Finding himself at the bottom of his cup, Johnathan set it back on the table.

"I'm not sure that's a possibility, Victor. I'm not sure how rich you think I am, but not I'm not wealthy enough to go off funding projects that I don't even understand. I'm sorry," Johnathan stood up, his chair squeaking as he pushed it back, "But I simply can't fund you at this time."

Johnathan had expected the Doctor's smile to break, perhaps even for him to become angry, but neither occurred. He simply sat serenely, his hyperactive manner never changing.

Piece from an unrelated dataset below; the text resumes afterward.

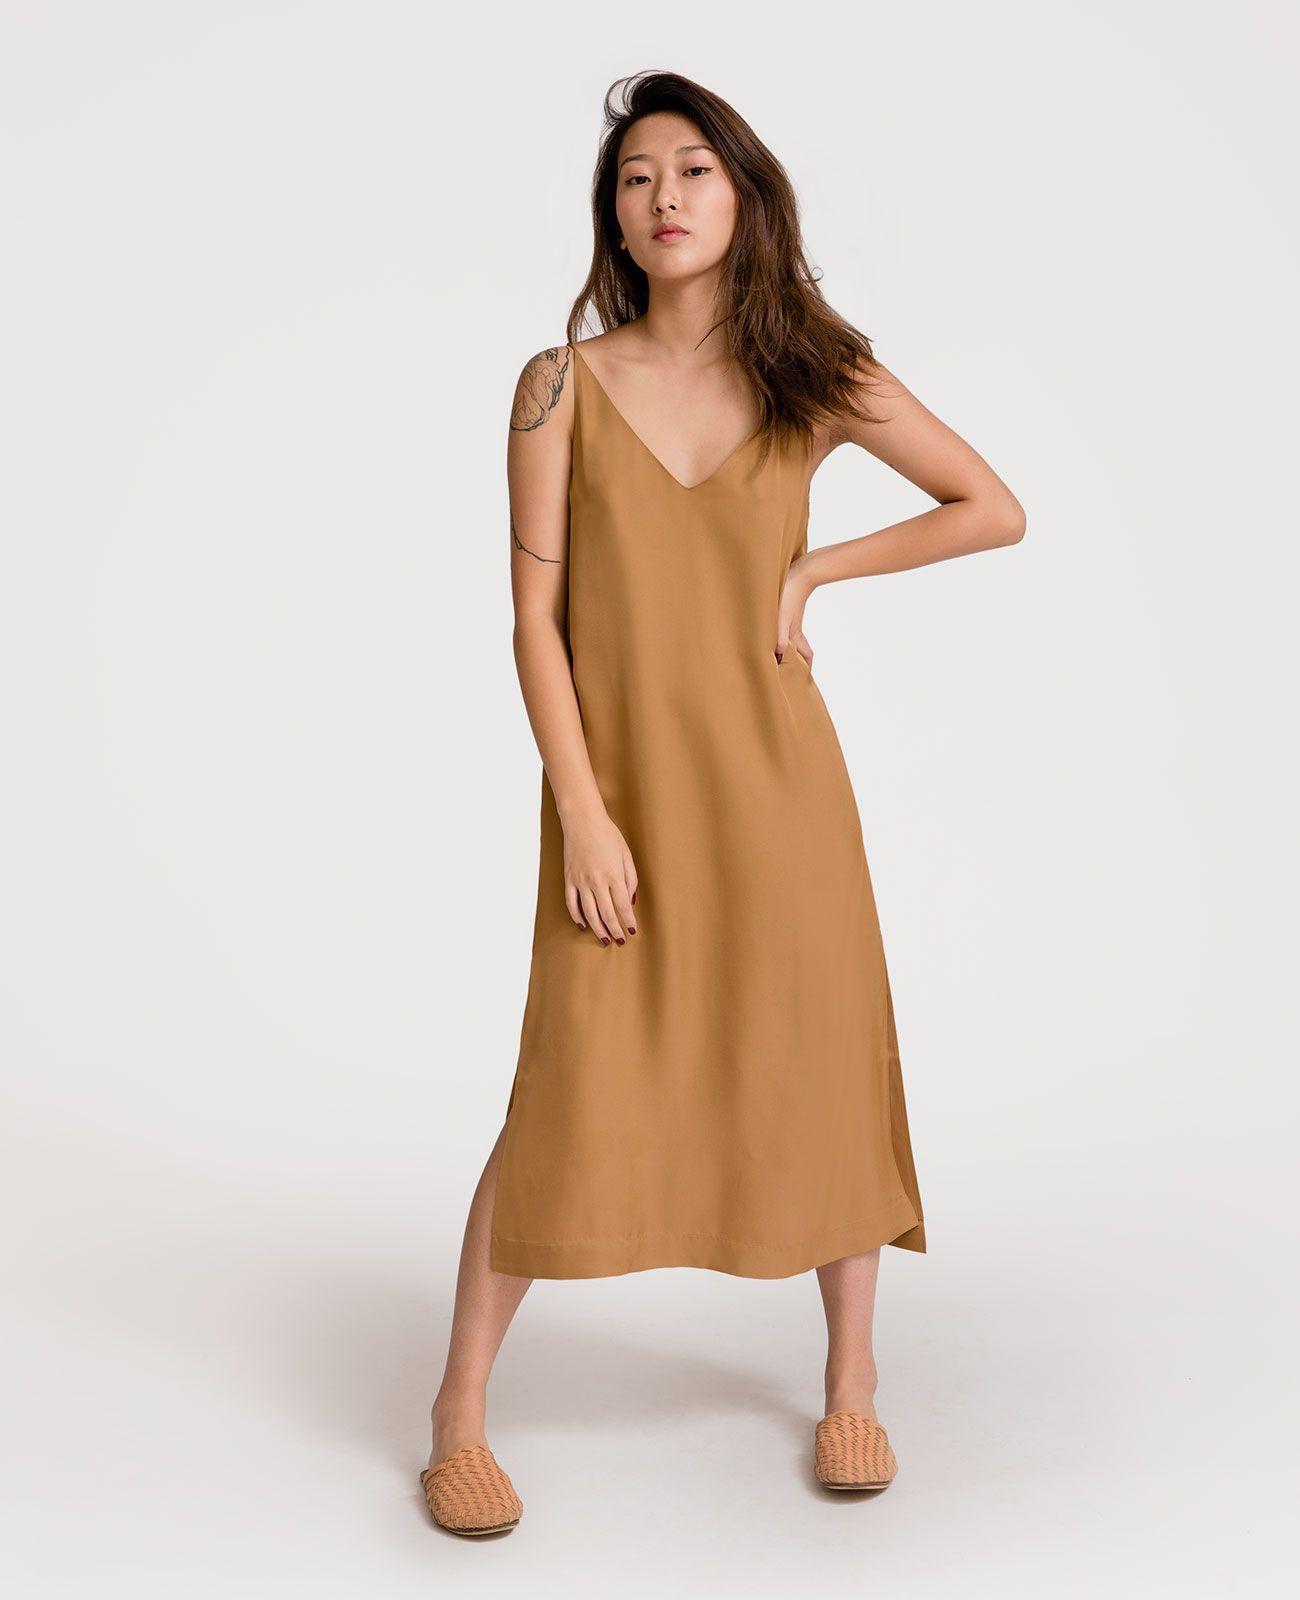 8c15b137344d Silk V-Neck Slip Dress in 2019   stylistic goals   Dresses, Dress ...

"How unfortunate, my dear friend. It is bad you feel that way, yeah? Perhaps your outlook will change in a few days. I will not be going anywhere, I'm sure you can find me again when things change."

Johnathan had a few choice words for the likelihood of such a thing happening, but he kept his words to himself as he stood up.

Suddenly light headed, Johnathan had to reached out a hand to steady himself on the table. In a heartbeat Victor was at his side, holding his shoulder.

"You are alright, yeah?" His voice held more concern than Johnathan expected. "You feel alright? Need I help you back?"

"No, No." Johnathan brushed him away and forced himself to stand straight. A moment later the nausea passed. "I'll be fine. It's simply the late hour. I must be going."

"Yeah, yeah." Victor followed him closely as they walked back through the main room. Johnathan had to hold the handkerchief back to his nose to stand the stench. Victor didn't seem to notice.

A moment later Johnathan was outside, Victor pulling the door closed behind him.

Taking a deep breath of the clear night air, Johnathan had to hold back the impulse to vomit, just to clear the reek from him.

A moment later he had Ginny unhitched from where he'd left her and the two of them were once again back on the road, both glad to be away from the odd establishment.

Glancing back over his shoulder, Johnathan could just see a pair of eyes watching him from behind one of the shuttered windows.